I go into the year thinking I won’t be able to read much between having two kids now and back to full-time work starting in January but I did not bad at all! Well, 35 books and I would say that a cookbook and a manga are a a little bit of a stretch. I also learned about the Indigo 2021 Reading Challenge to tick off 21 books in the categories they selected. It was good for me and I can say I accomplished about 20.5: halfway through the 21st category to complete the challenge. As with other things in life, I’m just not able to wrap it all up in the allotted time…!
This year, I went for a different format: just listing all the books in order of completion. It lost meaning to separate into the previous categories of (non-Asian) non-fiction, (non-Asian) fiction, and Asian.

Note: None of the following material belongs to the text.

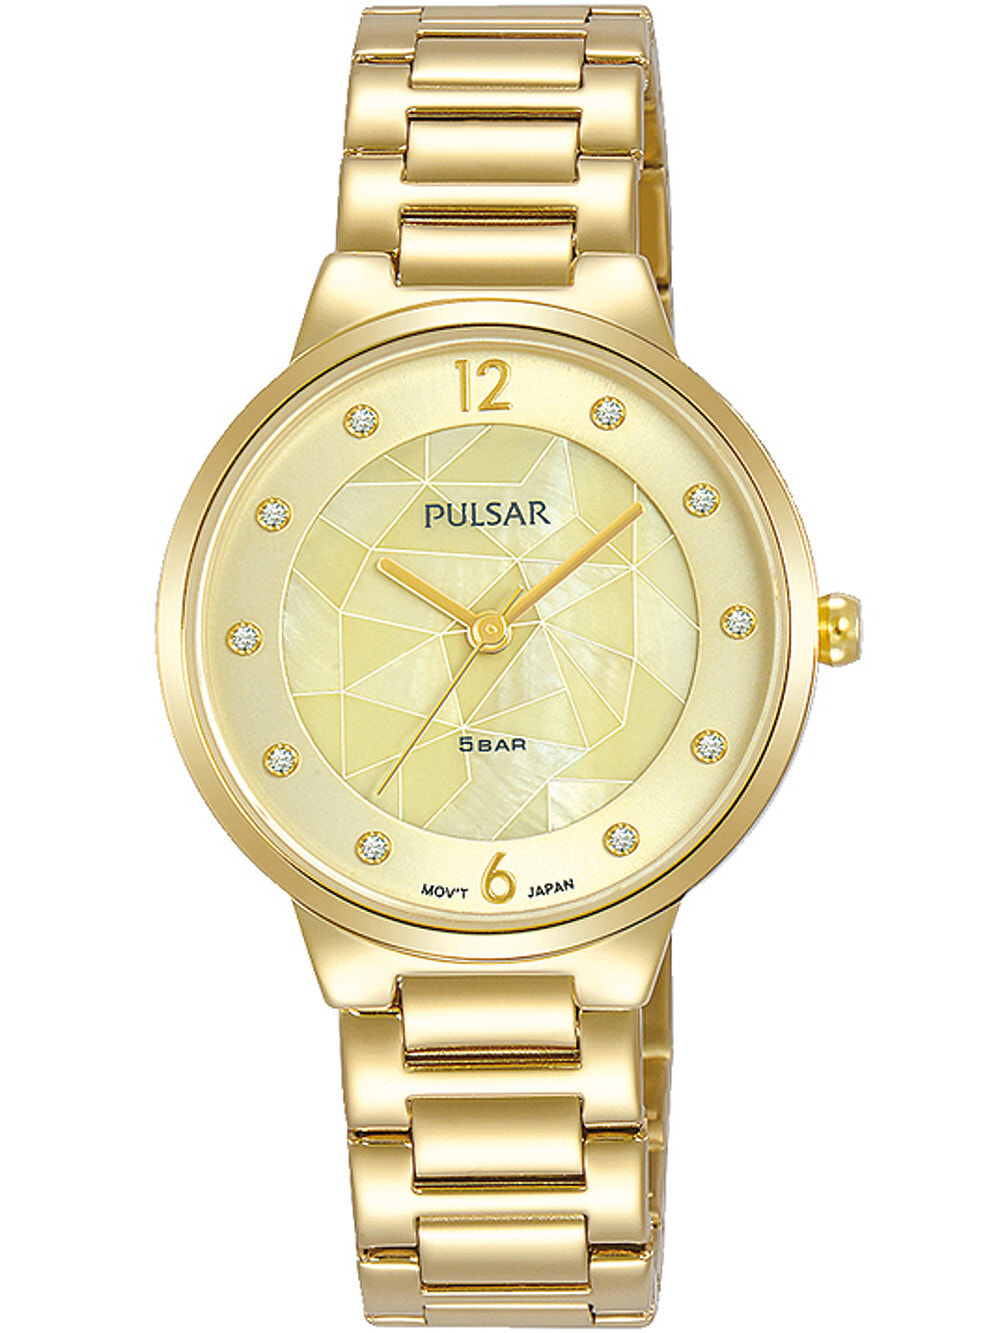 Женские наручные кварцевые часы  Pulsar  ремешок из нержавеющей стали. Водонепроницаемость-5 АТМ. Защищенное от царапин минеральное стекло.  Циферблат декорирован камнями Swarovski.

Reading is reading, everything is connected, and emoji tags are where it’s at because emojis.
Also, I changed my book links to linking to pages from Canadian-based Chapters Indigo (instead of Amazon) and all my thumbnails are edited to be centered around the title.

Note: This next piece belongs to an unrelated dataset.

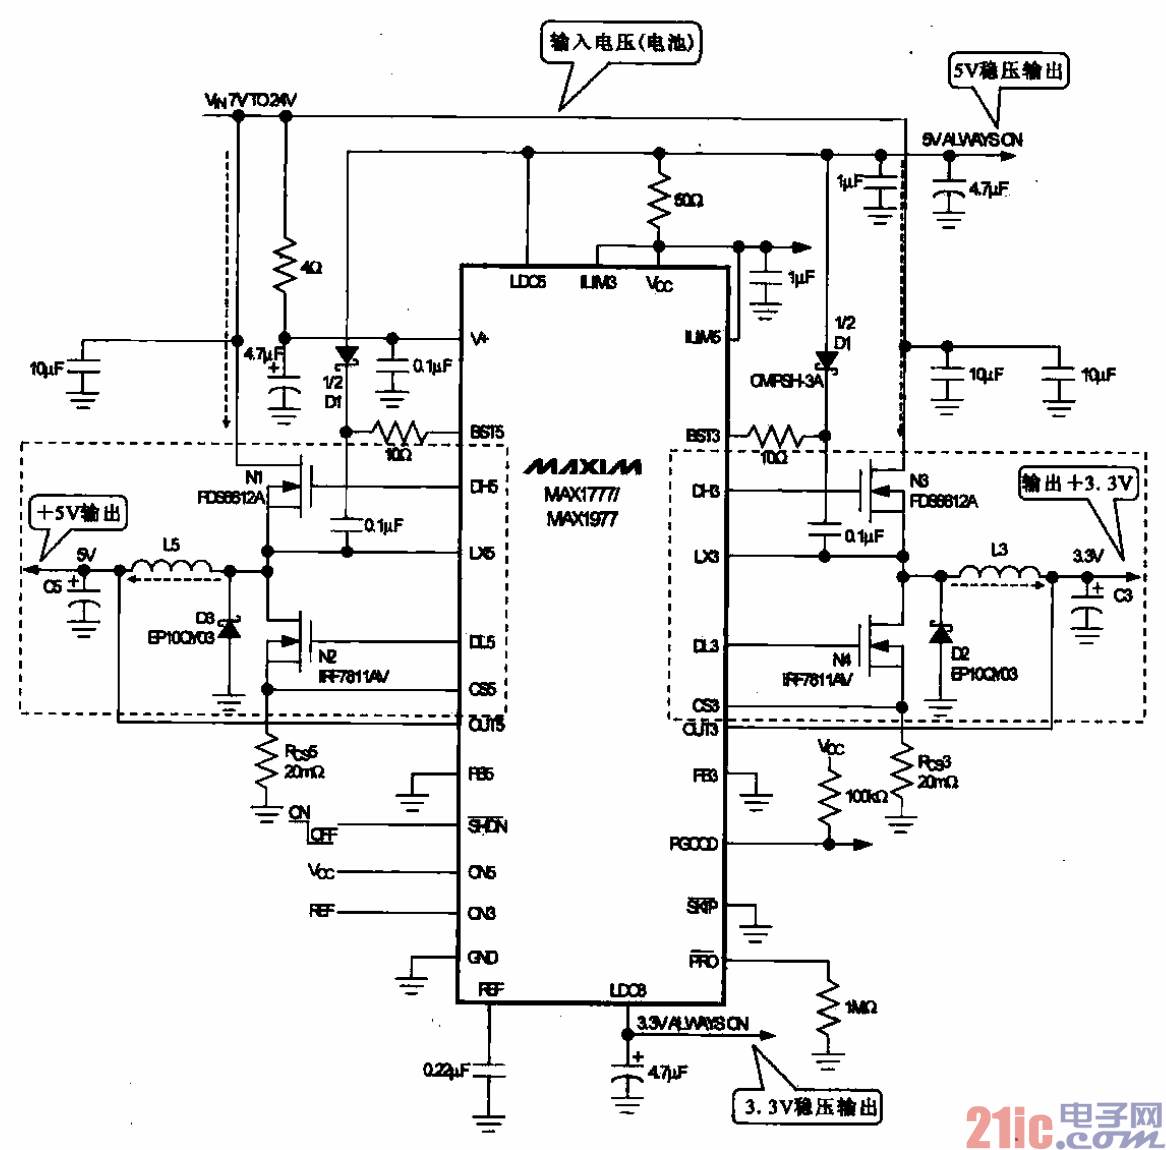 22.采用电源管理芯片MAX1777-1977的高效4输出嗲元控制器.gif

🍚 Viet Thanh Nguyen’s The Sympathizer (2015) I made myself start off the year with a gritty novel that came to my purview when it won the 2016 Pulitzer Prize for Fiction. Five years ago! And I kicked off ticking off boxes for the 2021 Chapters Indigo reading challenge with this prize-wining book. However, I slogged through it not really enjoying it, not really sympathizing with the narrator.
Isabel Allende’s A Long Petal of The Sea (Jan 2020) After finishing the above, I need a “lighter” read and I “knew” about this book or author and this was the first I read. I knew I had to read it because it’s a region I wouldn’t normally visit. The English publication is translated from the 2019 Spanish original edition. It was a satisfying, thrilling epic novel.

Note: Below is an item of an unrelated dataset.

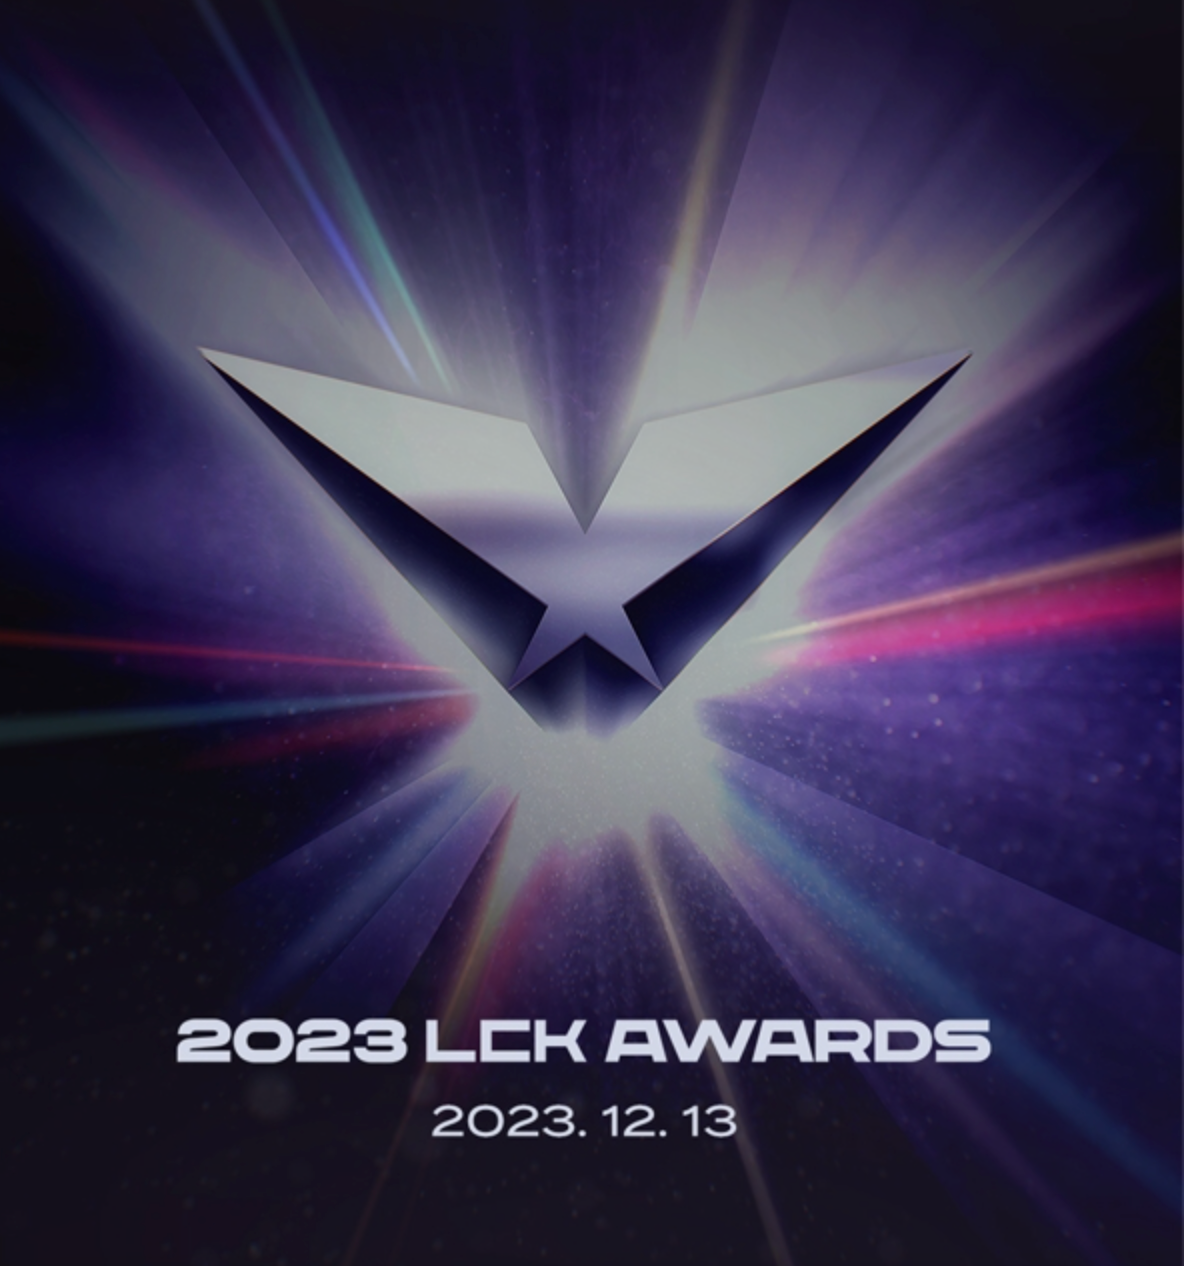 明星颁奖典礼“2023 LCK Awards”13日

💯 Robert T. Kiyosaki’s Rich Dad Poor Dad (2017) I have wanted to read this for a long while, the “American version of The Wealthy Barber“, I thought. I read Wealthy Barber back in the ’90s and its biggest takeaway was to pay yourself first 10%. (I should read The Wealthy Barber Returns for completion sake, and because I’m at a completely different stage of my life and finances, too.) Meanwhile, Kiyosaki’s largest takeaway is, “don’t work for your money, make your money work for you”. I nearly didn’t read it when I saw that he collaborated with Trump on some books and was seriously hedging in the one 2019 YouTube video I watched of him answering about his fondness for Trump. But it had been so long I’ve had this title on my list I just forged ahead. Also, BIL recommended that I read Millionaire Teacher, and I keep pushing off that hold, too.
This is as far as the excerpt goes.